The address of s is: 0x7fff2df9d588

The value of p is: 0x7fff2df9d588

The address of p is: 0x7fff2df9d580

The address of s[0] is: 0x403f00

The address of s[1] is: 0x403f01

The address of s[2] is: 0x403f02

Answer 5

change line:

char s[] = "asd";

to:

char *s = "asd";

and things will get more clear

Answer 6

You can't change the value (i.e., address of) a static array. In technical terms, the lvalue of an array is the address of its first element. Hence s == &s. It's just a quirk of the language.

Answer 7

Normally, it's considered poor style to unnecessarily cast pointers to (void*).

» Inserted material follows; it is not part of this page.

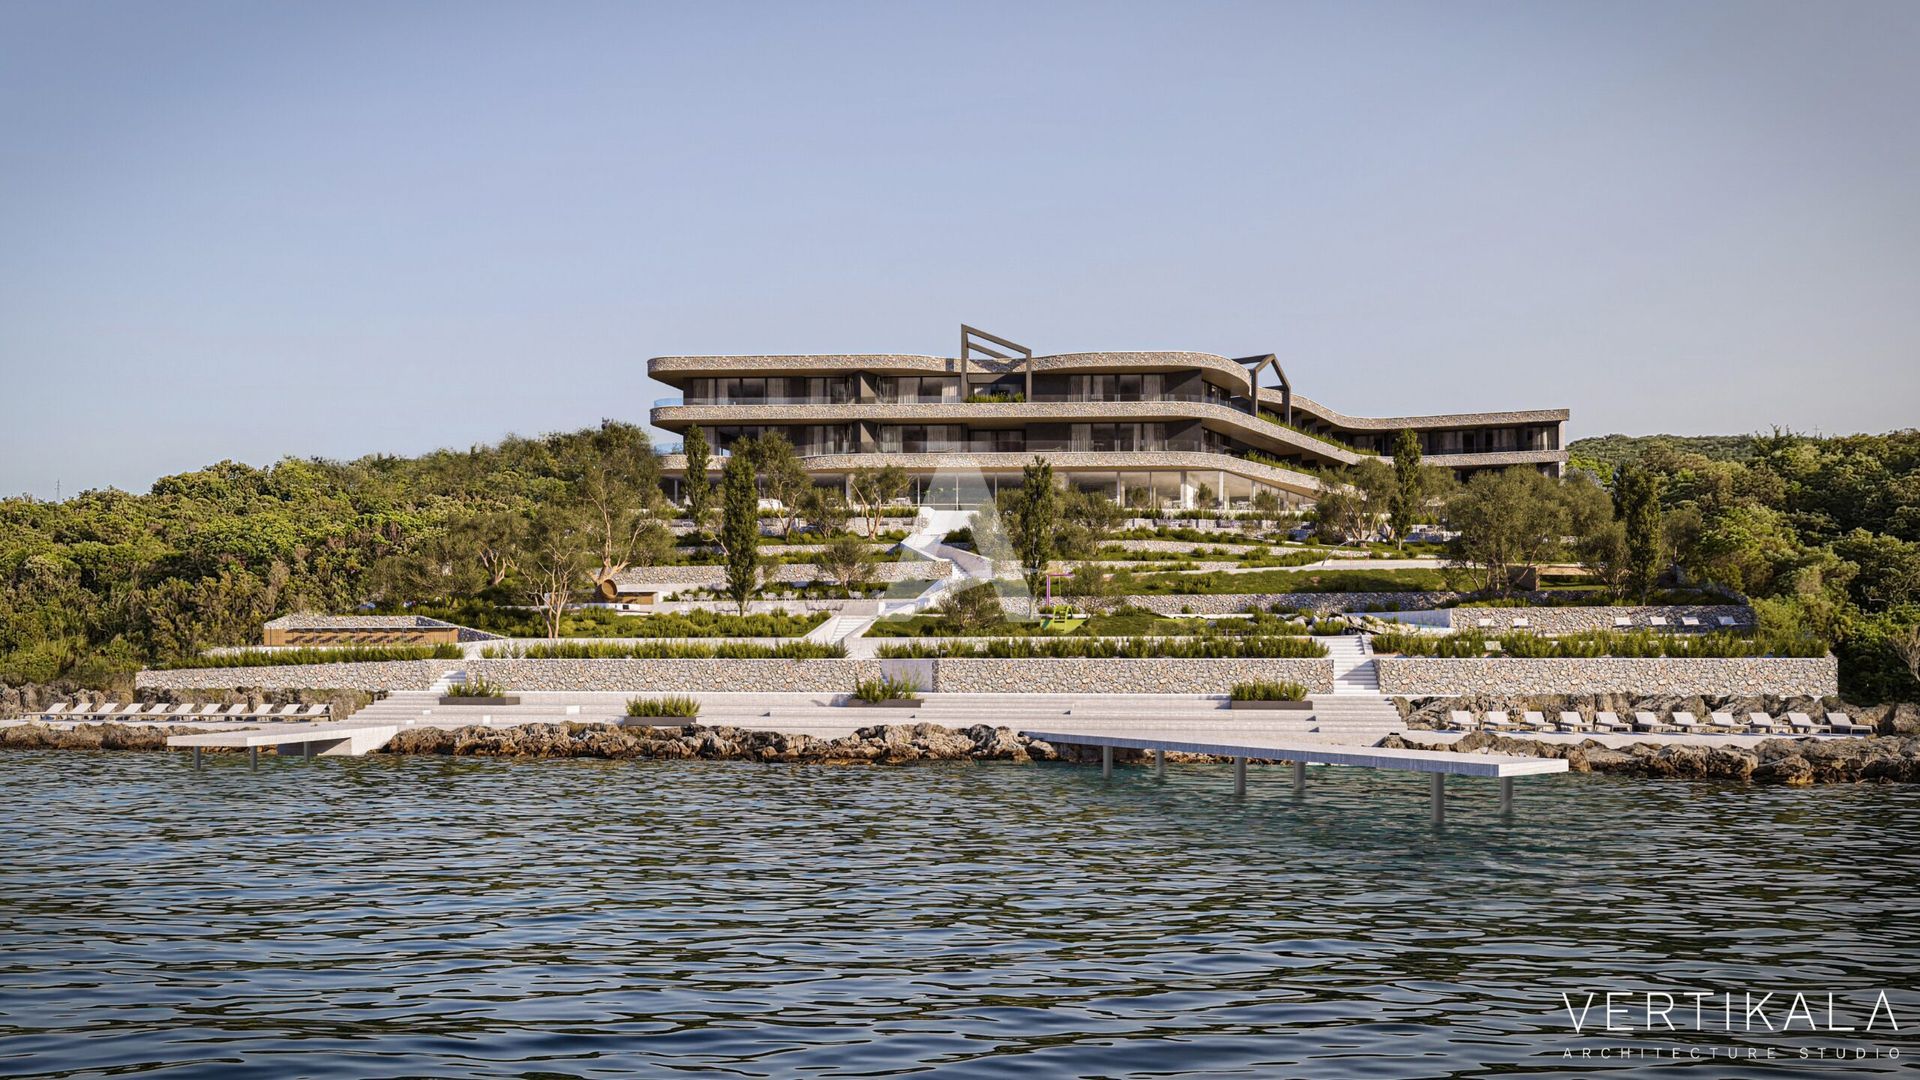 amforaproperty.com/Zemljište na obali Bokokotorskog zaliva Luštica,sa gotovim projektom hotela sa 5 zvezdica

Here, however, you need the casts to (void*) on the printf arguments because printf is variadic. The prototype doesn't tell the compiler what type to convert the pointers to at the call site.

Answer 8

You have used:

char s[] = "asd";

Here s actually points to the bytes "asd". The address of s, would also point to this location.

If you used:

char *s = "asd";

the value of s and &s would be different, as s would actually be a pointer to the bytes "asd".

You used:

char s[] = "asd";
char **p = &s;

Here s points to the bytes "asd". p is a pointer to a pointer to characters, and has been set to a the address of characters. In other words you have too many indirections in p. If you used char *s = "asd", you could use this additional indirection.